I've had to make a few changes from the example, as pyMC 3 is quite different, so what should look like this:
import pymc as pm

# The parameters are the bounds of the Uniform.
p = pm.Uniform('p', lower=0, upper=1)

# set constants
p_true = 0.05 # remember, this is unknown.
N = 1500

# sample N Bernoulli random variables from Ber(0.05).
# each random variable has a 0.05 chance of being a 1.
# this is the data-generation step
occurrences = pm.rbernoulli(p_true, N)

print occurrences # Remember: Python treats True == 1, and False == 0
print occurrences.sum()

# Occurrences.mean is equal to n/N.
print "What is the observed frequency in Group A? %.4f" % occurrences.mean()
print "Does this equal the true frequency? %s" % (occurrences.mean() == p_true)

# include the observations, which are Bernoulli
obs = pm.Bernoulli("obs", p, value=occurrences, observed=True)

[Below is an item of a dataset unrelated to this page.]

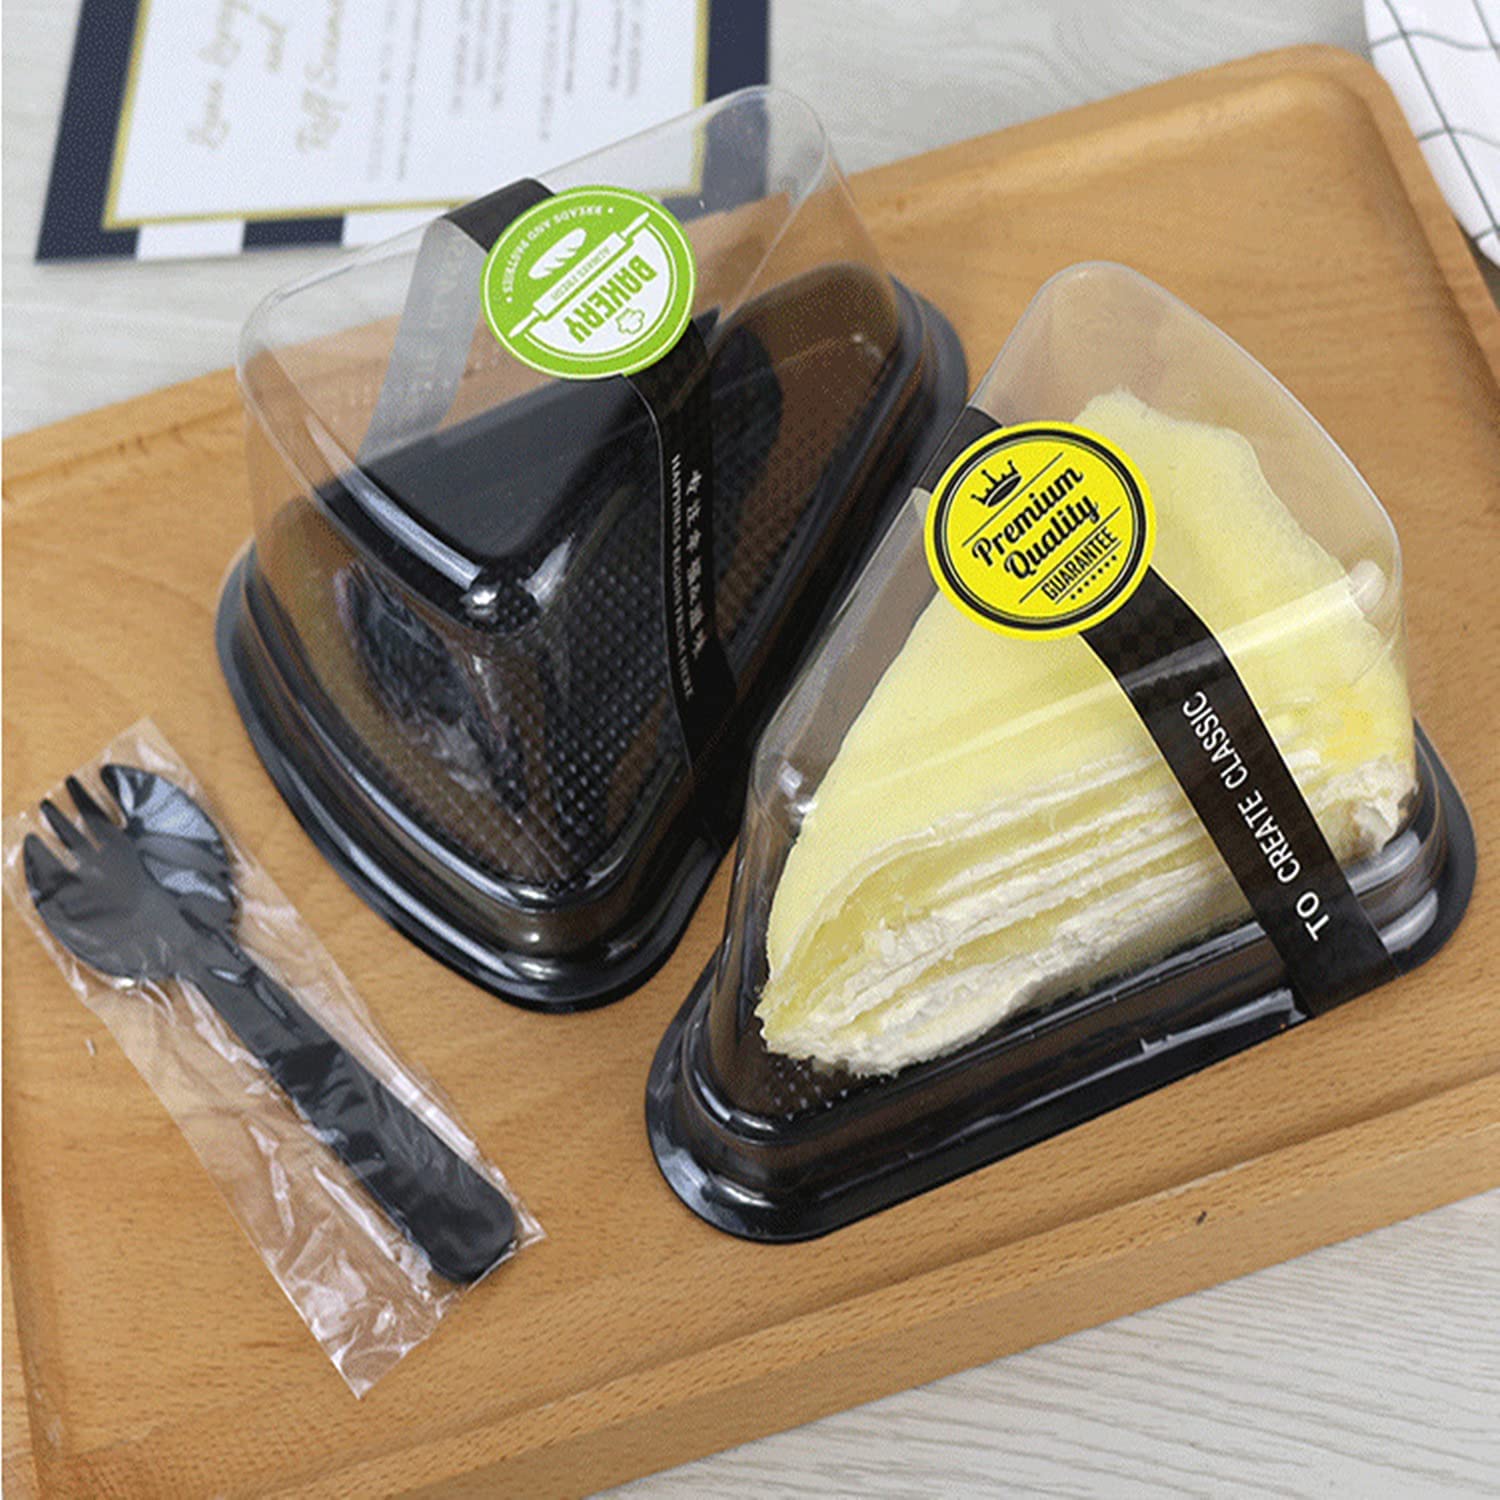 Acrylic Mini Dessert Cake Slice Box Triangle 10Pack

# To be explained in chapter 3
mcmc = pm.MCMC([p, obs])
mcmc.sample(18000, 1000)

figsize(12.5, 4)
plt.title("Posterior distribution of $p_A$, the true effectiveness of site A")
plt.vlines(p_true, 0, 90, linestyle="--", label="true $p_A$ (unknown)")
plt.hist(mcmc.trace("p")[:], bins=25, histtype="stepfilled", normed=True)
plt.legend()


instead looks like:

import pymc as pm

import random
import numpy as np
import matplotlib.pyplot as plt

with pm.Model() as model:
# Prior is uniform: all cases are equally likely
p = pm.Uniform('p', lower=0, upper=1)

# set constants
p_true = 0.05 # remember, this is unknown.
N = 1500

# sample N Bernoulli random variables from Ber(0.05).
# each random variable has a 0.05 chance of being a 1.
# this is the data-generation step
occurrences = [] # pm.rbernoulli(p_true, N)
for i in xrange(N):
occurrences.append((random.uniform(0.0, 1.0) <= p_true))
occurrences = np.array(occurrences)
obs = pm.Bernoulli('obs', p_true, observed=occurrences)

start = pm.find_MAP()
step = pm.Metropolis()
trace = pm.sample(18000, step, start)
pm.traceplot(trace);
plt.show()


Apologies for the lengthy post but in my adaptation there have been a number of small changes, e.g. manually generating the observations because pm.rbernoulli no longer exists. I'm also not sure if I should be finding the start prior to running the trace. How should I change my implementation to correctly run?

Answer

You were indeed close. However, this line:

obs = pm.Bernoulli('obs', p_true, observed=occurrences)

is wrong as you are just setting a constant value for p (p_true == 0.05). Thus, your random variable p defined above to have a uniform prior is not constrained by the likelihood and your plot shows that you are just sampling from the prior. If you replace p_true with p in your code it should work. Here is the fixed version:

import pymc as pm

import random
import numpy as np
import matplotlib.pyplot as plt

with pm.Model() as model:
    # Prior is uniform: all cases are equally likely
    p = pm.Uniform('p', lower=0, upper=1)

    # set constants
    p_true = 0.05  # remember, this is unknown.
    N = 1500

    # sample N Bernoulli random variables from Ber(0.05).
    # each random variable has a 0.05 chance of being a 1.
    # this is the data-generation step
    occurrences = []  # pm.rbernoulli(p_true, N)
    for i in xrange(N):
        occurrences.append((random.uniform(0.0, 1.0) <= p_true))
    occurrences = np.array(occurrences)
    obs = pm.Bernoulli('obs', p, observed=occurrences)

    start = pm.find_MAP()
    step = pm.Metropolis()
    trace = pm.sample(18000, step, start)

pm.traceplot(trace);